David Mertz, Ph.D.
Applied Metaphysician, Gnosis Software, Inc.
March, 2001
This column continues an earlier installment's introduction to functional programming (FP) in Python. A number of intermediate or advanced FP concepts are demonstrated in here. Readers of this column will benefit from an introduction to different paradigms of program problem-solving.
Python is a freely available, very-high-level, interpreted language developed by Guido van Rossum. It combines a clear syntax with powerful (but optional) object-oriented semantics. Python is available for almost every computer platform you might find yourself working on, and has strong portability between platforms.
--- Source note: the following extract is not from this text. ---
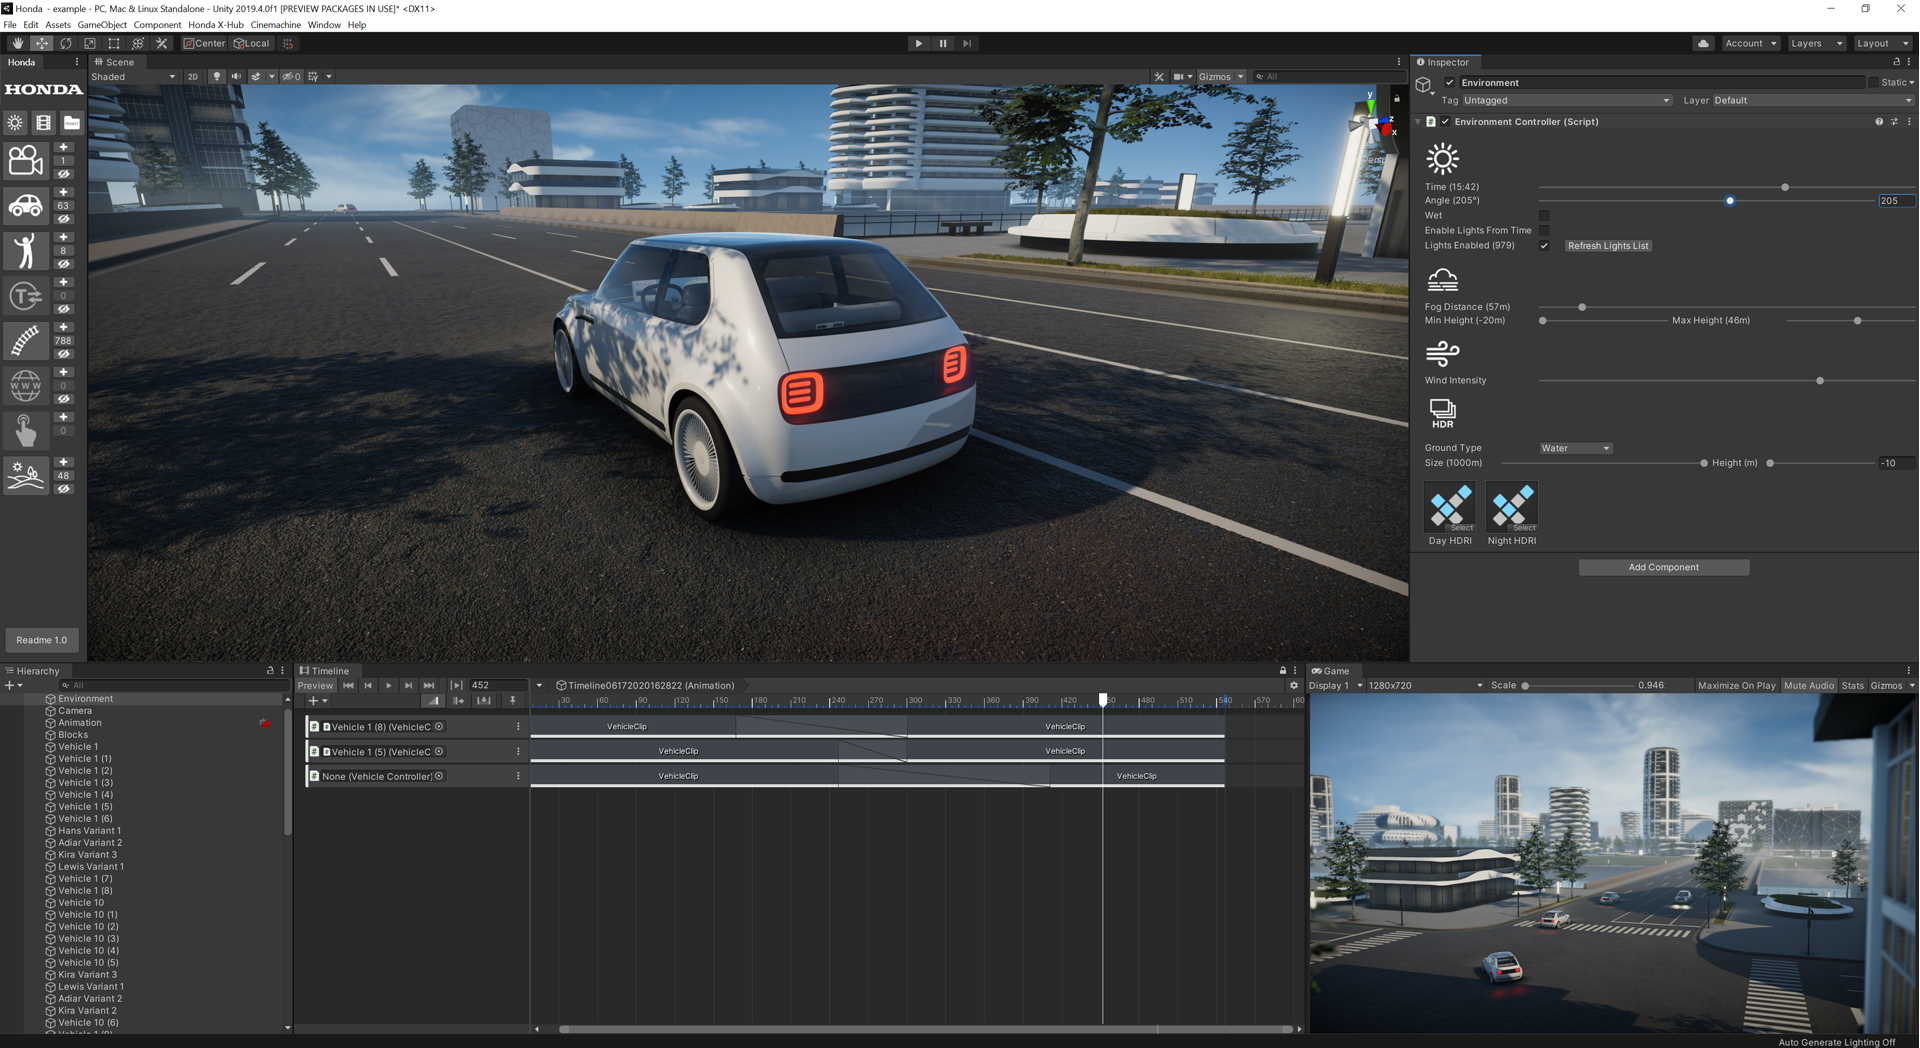 Honda extended the Unity Editor to meet the needs of its automotive designers with limited Unity expertise

The previous Charming Python column on functional programming
introduced some basic concepts of FP. With the basics in mind,
this column will delve a little bit deeper into this quite rich
conceptual realm. For much of our delving, Bryn Keller's
"Xoltar Toolkit" will provide valuable assistance. Keller has
collected many of the strengths of FP into a nice little module
of pure Python implementations of the techniques. In addition
to the module functional, Xoltar Toolkit includes the lazy
module which supports structures that evaluate "only when
needed." Many traditionally functional languages also have
lazy evaluation, so between these components, the Xoltar
Toolkit lets you do much of what you might find in a functional
language like Haskell.
Attentive readers will remember a limitation I pointed out to the functional techniques described in the earlier column. Specifically, nothing in Python prevents the rebinding of names that are used to denote functional expressions. In FP, names are generally understood to be simply abbreviations of longer expressions, but the promise is implicit that "the same expression will always evaluate to the same result." If denotational names get rebound, the promise is broken. For example, let's say that we define some shorthand expressions that we'd like to use in our functional program, such as:
>>> car = lambda lst: lst[0] >>> cdr = lambda lst: lst[1:] >>> sum2 = lambda lst: car(lst)+car(cdr(lst)) >>> sum2(range(10)) 1 >>> car = lambda lst: lst[2] >>> sum2(range(10)) 5
Unfortunately, the very same expression sum2(range(10))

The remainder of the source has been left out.